As a measure of co-location (or proximity) of two distinct loci, not necessarily on the same chromosome, we used inter- and intra-chromosomal contacts generated by chromosome conformation capture Hi-C technique for the Drosophila melanogaster genome [21]. Studies of chromosome conformations have revealed that three-dimensional architecture of chromatin dictates the co-location of specific genes within the nucleus, thereby prompting the hypothesis of existence of common mechanisms controlling their transcription in a tissue-specific manner [22–23]. Recently, Won et al. [24] have demonstrated the advantages of using 3D chromatin maps for identifying target genes for schizophrenia-associated SNPs, residing within non-coding reasons of the genome. The findings have shown that for many non-coding SNPs their target genes were neither adjacent to SNPs nor in linkage disequilibrium, proving the point that many regulatory interactions are not captured by linear chromosomal organization. Analysis of intra-chromosomal interactions showed more frequent and stronger interactions within continuous genomic regions, called topologically associated domains (TADs), than with regions residing in other TADs [22–23]. TADs have been proven to play important roles in 3D organization of genomes and gene regulation and, when mutated, may lead to disease through disruption of gene regulatory pattern (reviewed in [25]).
A network of interactions was created from the inter- and intra-chromosomal contacts with nodes representing genomic regions, connected by edges, weighted by interaction frequencies. We calculated various network measures (e.g. degree [26]) and identified communities (i.e. densely connected subnetworks) existing within the network with the aim of revealing influential nodes/regions and densely connected communities (clusters) within networks. Candidate regions and communities were further explored using FlyBase (http://flybase.org/) and FlyMine (http://www.flymine.org/) resources, and GeneAge database (http://genomics.senescence.info/genes/models.html) to provide a body of evidence for genomic regions having genuine and/or previously unknown association with longevity.
To explore the role that SNPs occurring in TAD borders play in longevity, we analyzed genes residing in close proximity to TAD borders and sharing both ‘long-lived’ and ‘short-lived’ phenotypes. We hypothesized that a SNP(s) in nearby TAD borders may lead to a disruption of a regulatory pattern of a gene resulting in one of the phenotypes, ‘long-lived’ or ‘short-lived’, whereas the opposite phenotype could be a consequence of SNPs residing within genes themselves.
Results and Discussion
Choice of interaction frequency thresholds and genome-wide significance level
To assess the strength of interactions between intra- and inter-chromosomal genomic regions, distributions of interacting frequencies were analyzed individually for each chromosome and between chromosomes. Only 1% of the strongest intra-chromosomal interactions corresponding to the tails of these distributions and resulting in frequencies greater than 247, 215, 1308 and 342 for chromosomes 2, 3, 4 and X, respectively, were considered. The threshold for inter-chromosomal interaction frequencies, corresponding to 1% of strongest interactions, was 10. We refer to interactions with frequencies exceeding these thresholds as “strong” interactions.

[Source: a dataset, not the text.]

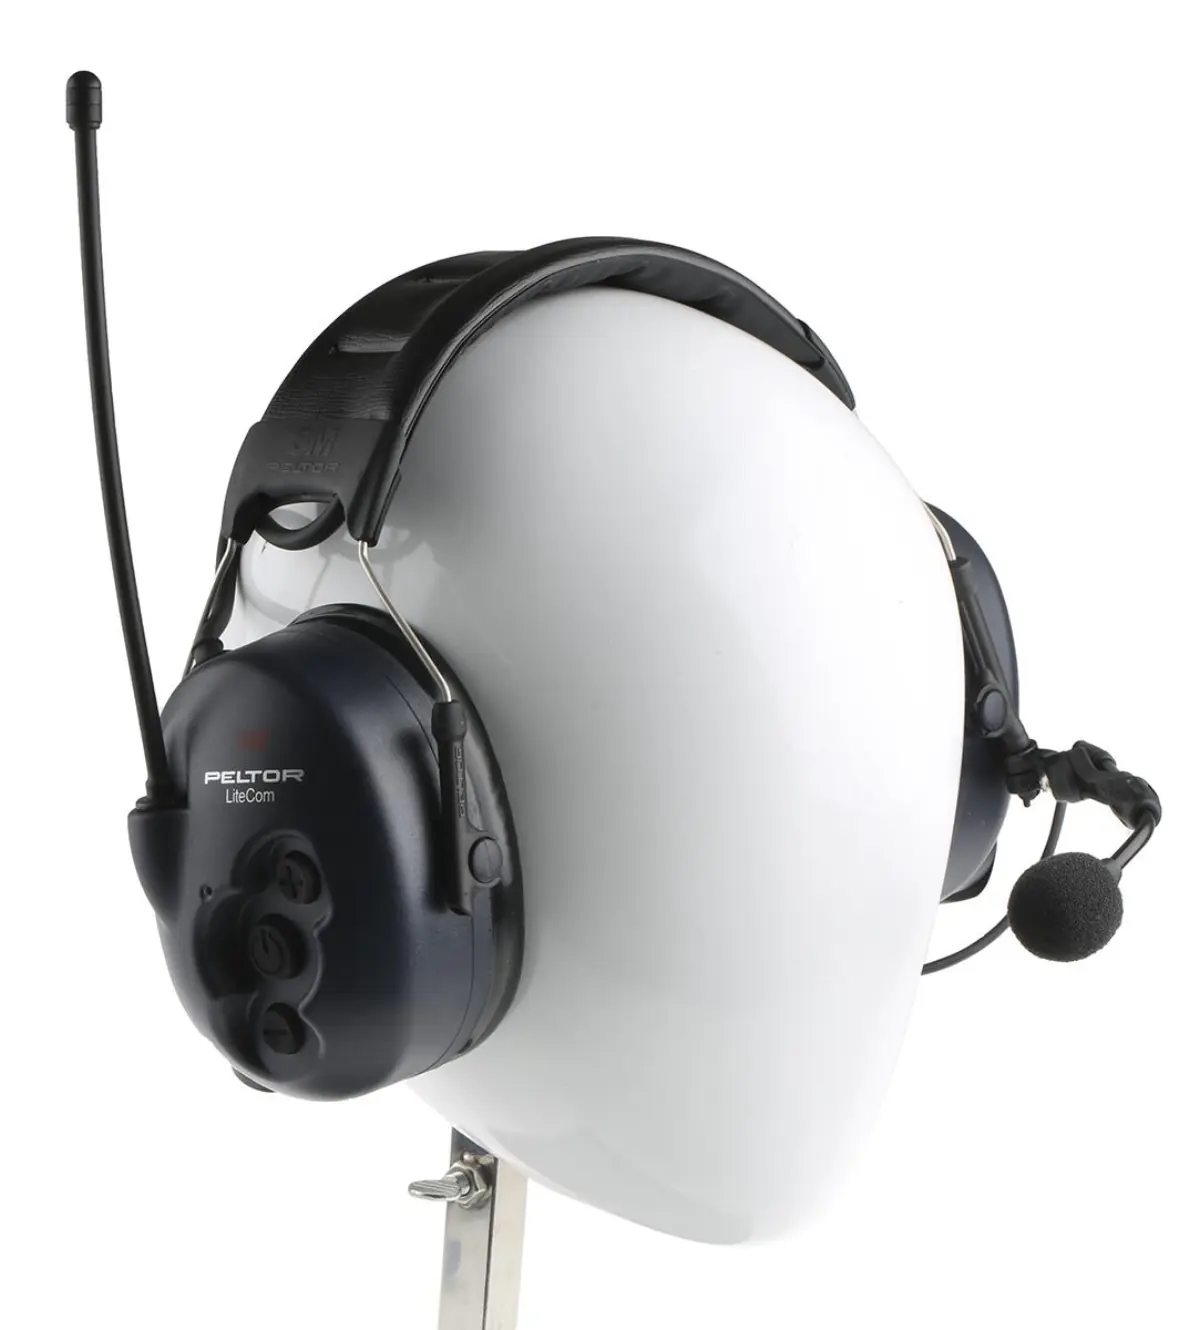 Pack de 4 Peltor LiteCom - radio avec casque antibruit - MT53H7A4400-EU

The genome-wide significance level, required for finding association between ~106 SNPs, is usually set to p < 5×10-8. This value corresponds to 0.05 level of significance after correction for multiple testing. In our case, each SNP was binned into a 80 Kb region. There are 1503 distinct 80 Kb regions recorded in the Drosophila Hi-C data. Taking this into account, we corrected the required significance level to 3.33×10-5. In the analysis of SNPs in non-coding regions the Hi-C data with finer resolution, 10 Kb, was used where interaction frequencies between 11,839 10 Kb bins were available [21]; in this case the genome-wide level of significance was set to 0.05/11839=4.22×10-6. Following [19], SNPs with D-values exceeding 7.9 were deemed to be significant.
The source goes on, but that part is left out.